Тогда нас эти рассуждения очень утешали, и мы верили им больше, чем скучным словам отца, который говорил, что нужно дать возможность и право развивать свои способности на любом поприще, без различия пола, состояния и исповедания. На отца мы сердились и хотели побить его его же собственным оружием: когда он нам давал читать книгу, мы ее не читали, а выбирали какую-нибудь самую неподходящую, уверяя, что все книги равны; за обедом ели одно сладкое, говоря, что это все равно, что есть суп. Конечно, мы были глупые мальчики, отец приходил в отчаяние и ворчал:

— Это черт знает что такое! Какие-то хулиганы растут. Наша мама улыбалась и говорила отцу:

— Ты отчасти сам виноват: дети не могут всего понимать, а чувство равенства, очевидно, не врождено людям, а благоприобретаемо, иначе оно не встречало бы такого отпора.

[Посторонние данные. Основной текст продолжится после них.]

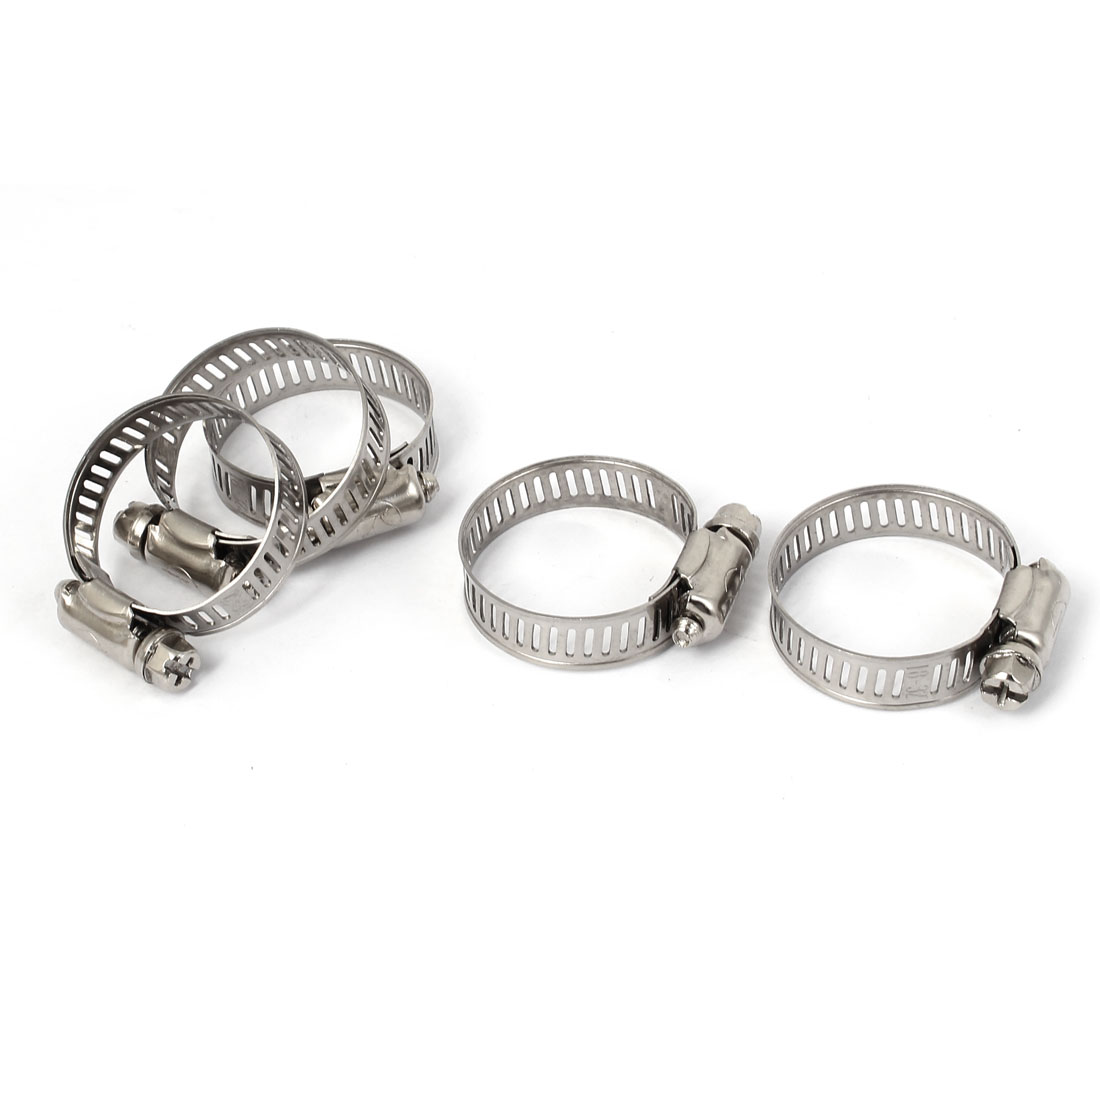 Adjustable 18mm-32mm Range Band Worm Hose Clip Clamp 5 Pcs

И нам казалось, что мать была на нашей стороне, потому что иначе зачем бы она нам рассказывала о героях и зачем бы у нее на стенке висел портрет лорда Байрона, а на этажерке стояла чугунная кукла Наполеона? Мы были ей благодарны, молча подсаживались к ней и ласкались, а она гладила нас по волосам, мечтая, вероятно, как хорошо было бы, если бы один из нас был Байроном, а другой Наполеоном, а она, наша мамочка, была бы не кондуктором и адвокатом, а «матерью великих людей», как мы читали в одной книжке. Когда мы подымали на нее свои глаза, паши взгляды встречались, и мы отлично понимали друг друга. А умный папа все продолжал рассуждать.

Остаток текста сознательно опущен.